In the first part of the thesis, we explore novel approaches to improve the adversarial robustness of a deep neural network. We present a method that involves feature regularization and attention-based feature prioritization to motivate the model to only learn and rely on robust features that are not manipulated by the adversarial perturbation. We show that the resulting model is significantly more robust than other existing methods.
In the second part of the thesis, we discover that the current training scheme of using one-hot labels under cross-entropy loss is a major cause of the over-confident behavior of deep neural networks. We propose a generalized definition of confidence calibration that requires the entire output to be calibrated. This approach leads to a novel form of the smooth labeling algorithm, called \textit{class-similarity based label smoothing}, which tries to approximate a distribution that is optimal for generalized confidence calibration. We show that a model trained with the proposed smooth labels is significantly better calibrated than all existing methods.
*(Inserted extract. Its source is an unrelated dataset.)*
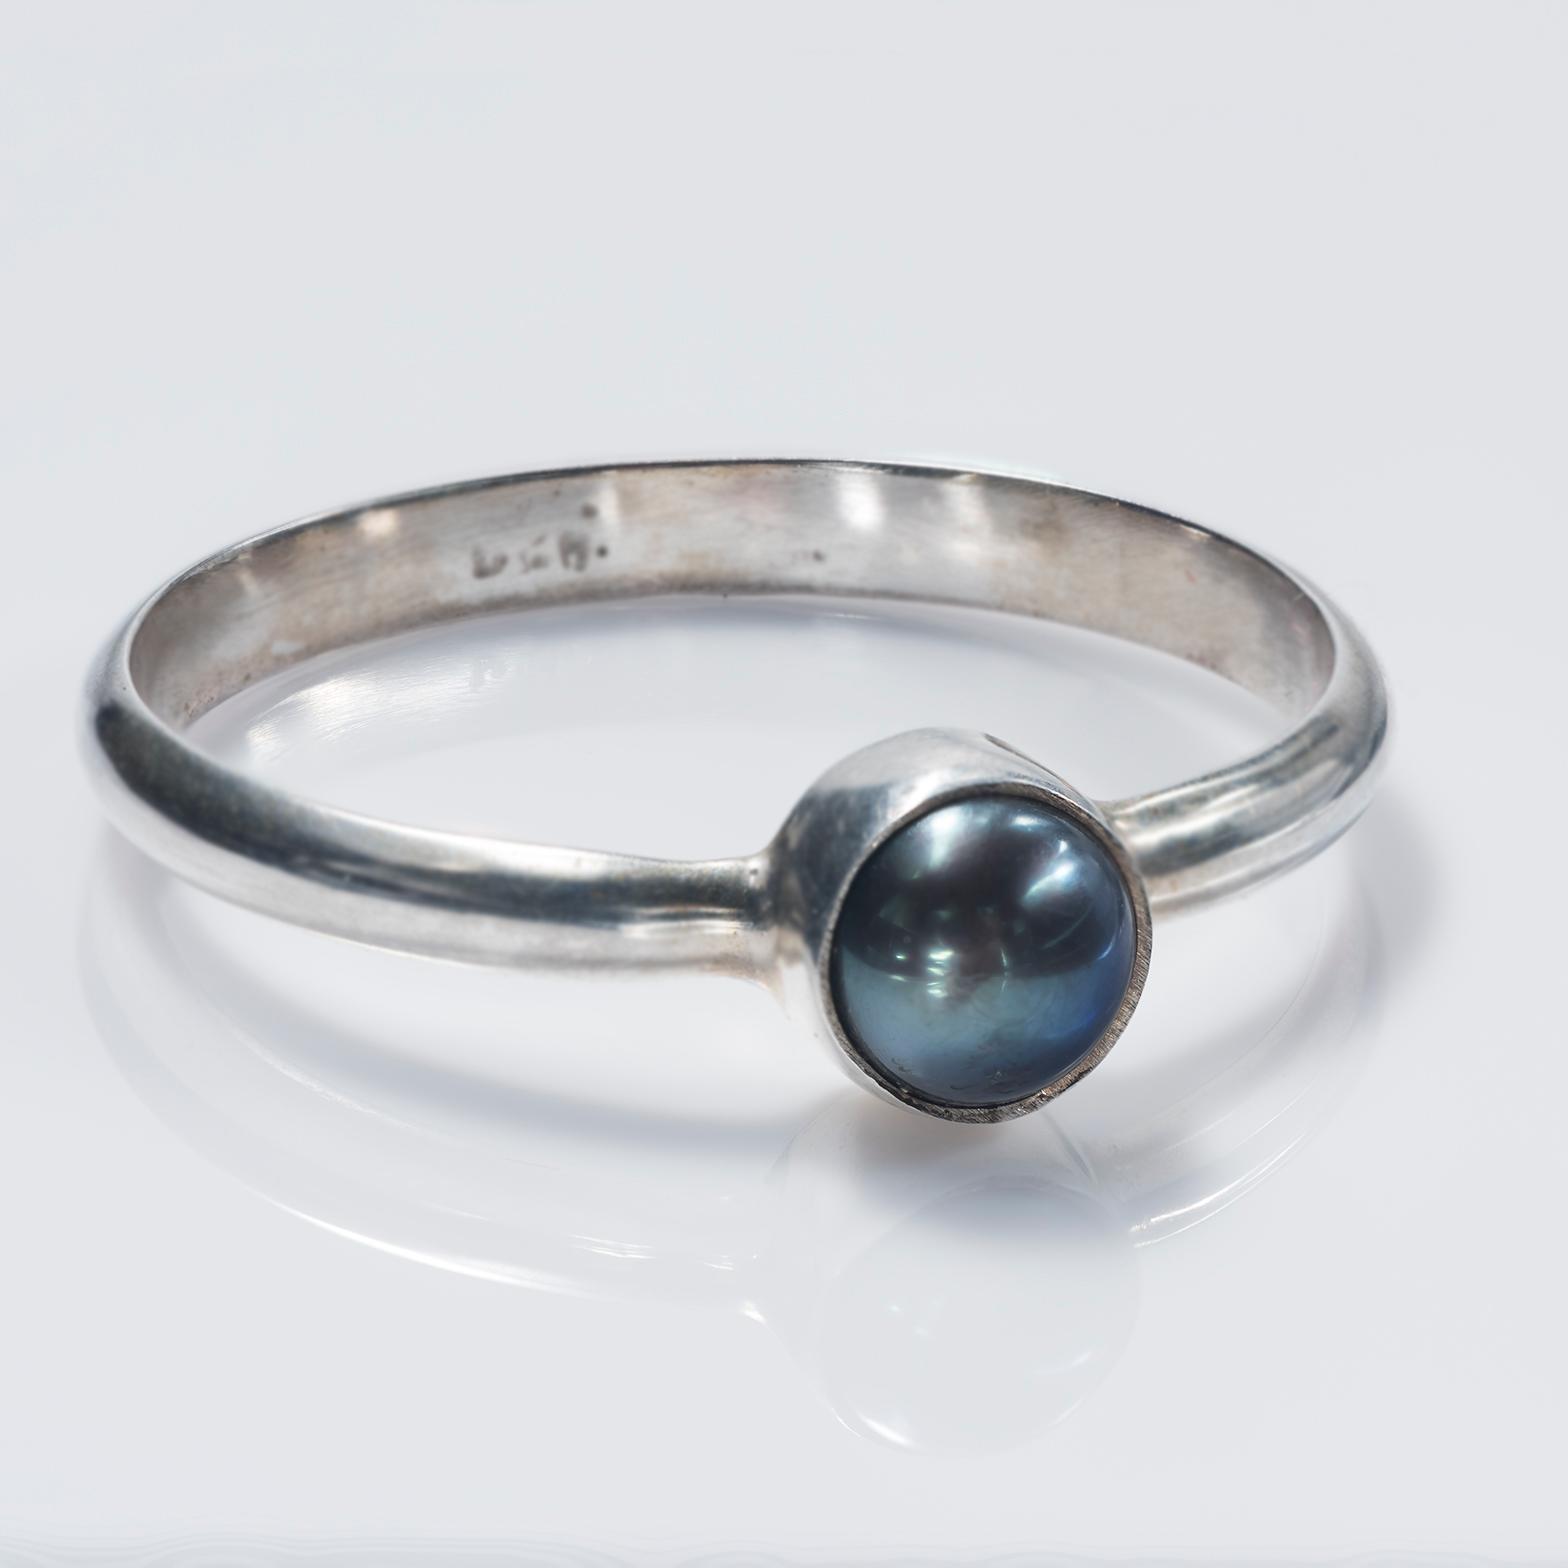 Single Gray-Black Pearl Ring

In the third part of the thesis, we propose an approach that can improve the calibration performance of robust models. We first learn a representation space using prototypical learning which bases its classification on the distances between the representation of a sample and the representations of each class prototype. We then use the distance information to train a confidence prediction network to encourage the model to make calibrated predictions. We demonstrate through extensive experiments that our method can improve the calibration performance of a model while maintaining comparable accuracy and adversarial robustness levels.
In the fourth part of the thesis, we tackle the problem of determining reproducible, large-scale functional patterns for the whole brain from a group of fMRI subjects. Because of the non-linear nature of the signals and significant inter-subject variability, how to reliably extract patterns that are reproducible across subjects has been a challenging task. We propose a group-level model, called LEICA, that uses Laplacian eigenmaps as the main data reduction step to preserve the correlation information in the original data as best as possible in a certain rigorous sense. The nonlinear map is robust relative to noise in the data and inter-subject variability. We show that LEICA detects functionally cohesive maps that are much more reproducible than the state-of-the-art methods.